3. What are some limitations to this data?


In [51]:
homicide_dict = {'Texas': 2064, 'North Carolina': 928, 'Ohio': 824, 'Michigan': 747, 'Georgia': 728, 'Tennessee': 672, 'Missouri': 593, 'Virginia': 562, 'South Carolina': 548, 'Illinois': 514, 'Pennsylvania': 510, 'Louisiana': 447, 'Indiana': 438, 'Alabama': 370, 'Kentucky': 365, 'Colorado': 358, 'Washington': 325, 'Arkansas': 321, 'Wisconsin': 315, 'Oklahoma': 284, 'Nevada': 232, 'Minnesota': 203, 'Arizona': 190, 'Oregon': 188, 'New Mexico': 169, 'Mississippi': 149, 'Connecticut': 148, 'Maryland': 138, 'New Jersey': 137, 'Massachusetts': 132, 'New York': 124, 'California': 123, 'District of Columbia': 109, 'West Virginia': 95, 'Delaware': 94, 'Kansas': 87, 'Utah': 85, 'Iowa': 70, 'Rhode Island': 38, 'Idaho': 36, 'Montana': 31, 'South Dakota': 26, 'Nebraska': 25, 'Alaska': 18, 'Maine': 18, 'Wyoming': 17, 'New Hampshire': 14, 'North Dakota': 14, 'Vermont': 8, 'Hawaii': 6}

In [56]:
states_of_interest = ['Texas', 'Ohio', 'Georgia', 'Missouri']
print(homicide_numbers := {state: homicide_dict[state] for state in states_of_interest})
num_states = len(homicide_dict)# int(f"Number of entries in the dictionary: {num_states}")
# This implies that all 50 states are included here
#3: Some limitations are that by giving just a basic count without context (e.g state population), the actual use of the data is limited..
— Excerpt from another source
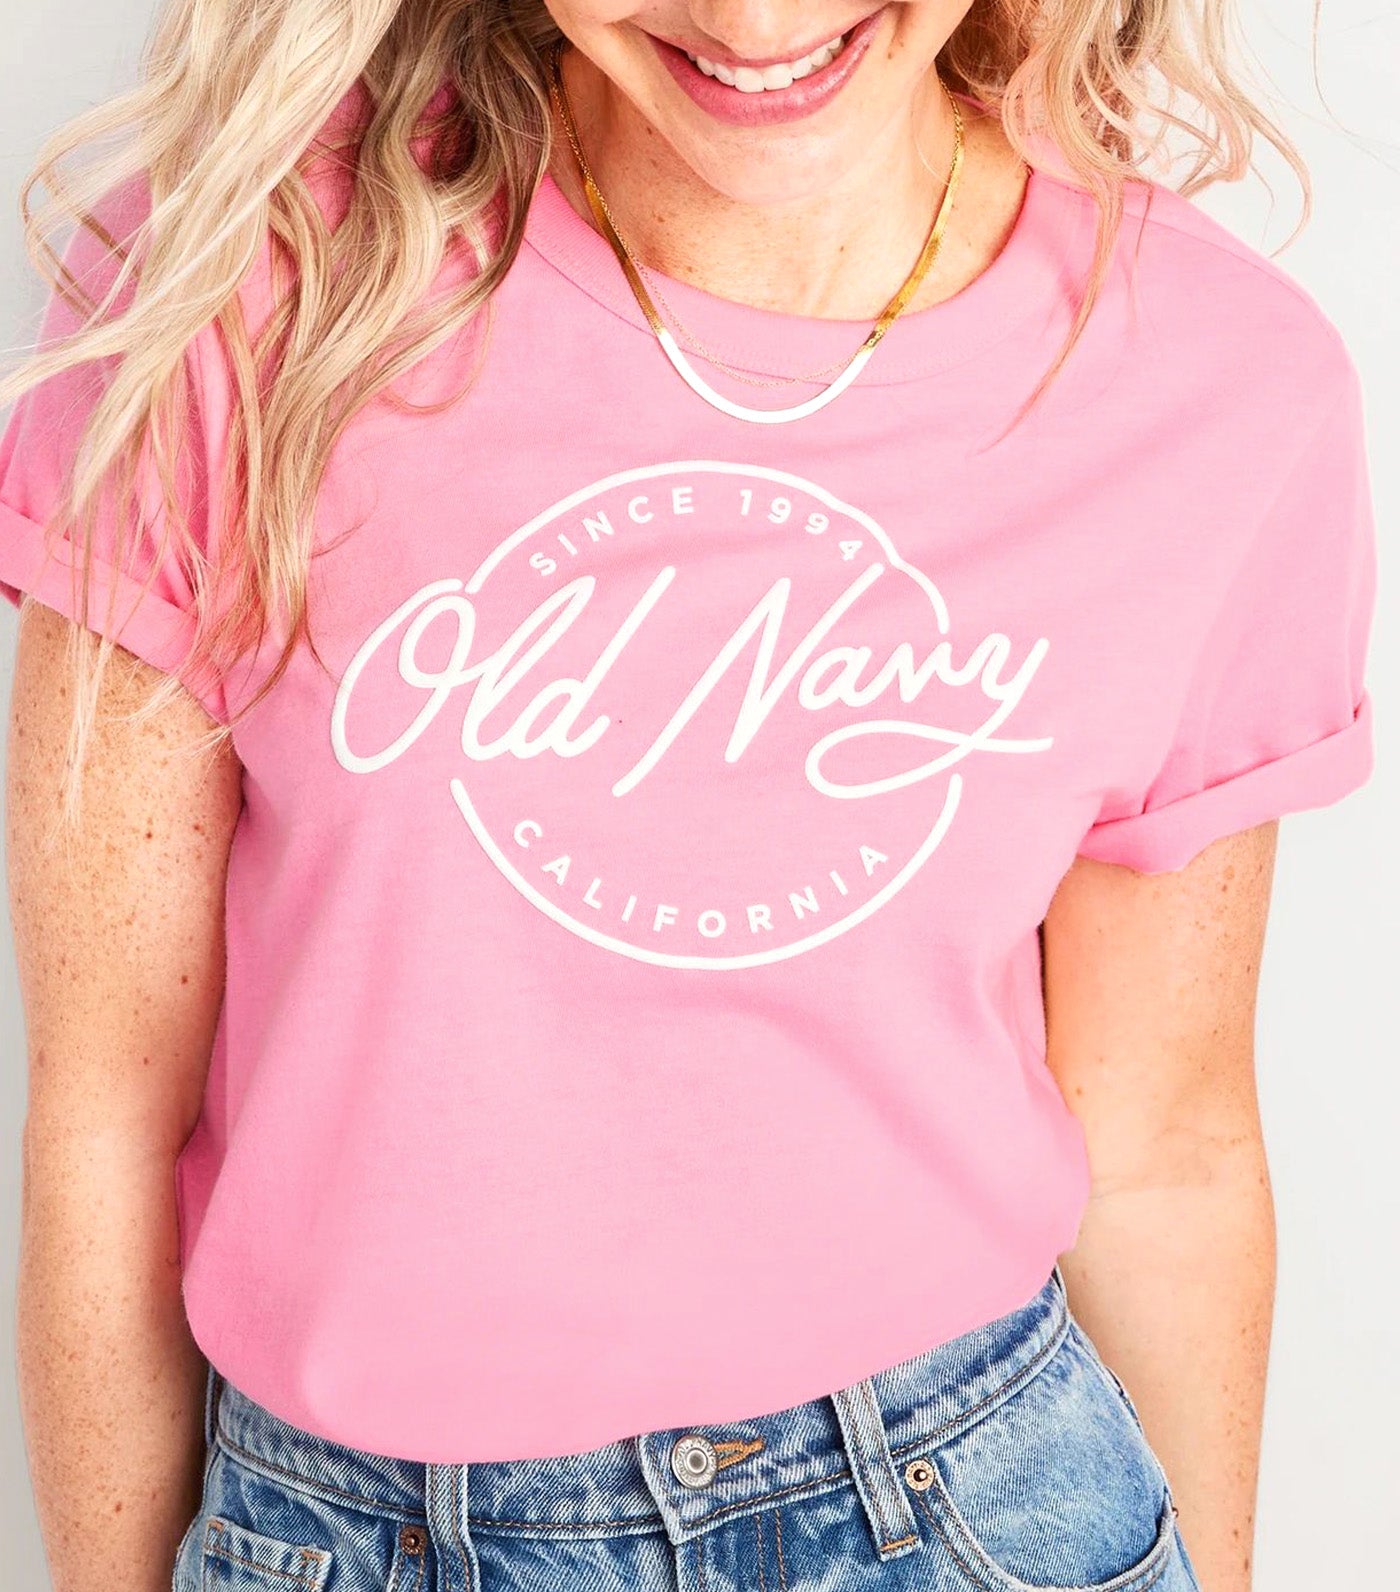 EveryWear Logo Graphic T-Shirt for Women Pink Edge Neon Poly

{'Texas': 2064, 'Ohio': 824, 'Georgia': 728, 'Missouri': 593}


## ✏ <mark style="background-color: Thistle">Reflection</mark>

In the following markdown cell, write about something you learned while working through this notebook.

Though I'm familiar with basic data storage objects, the walkthrough was great to solidify concepts.
Also, every opportunity I get to attempt reinstalling pandas or numpy is always welcome as I always run into technical issues and it's good to improve problem-solving.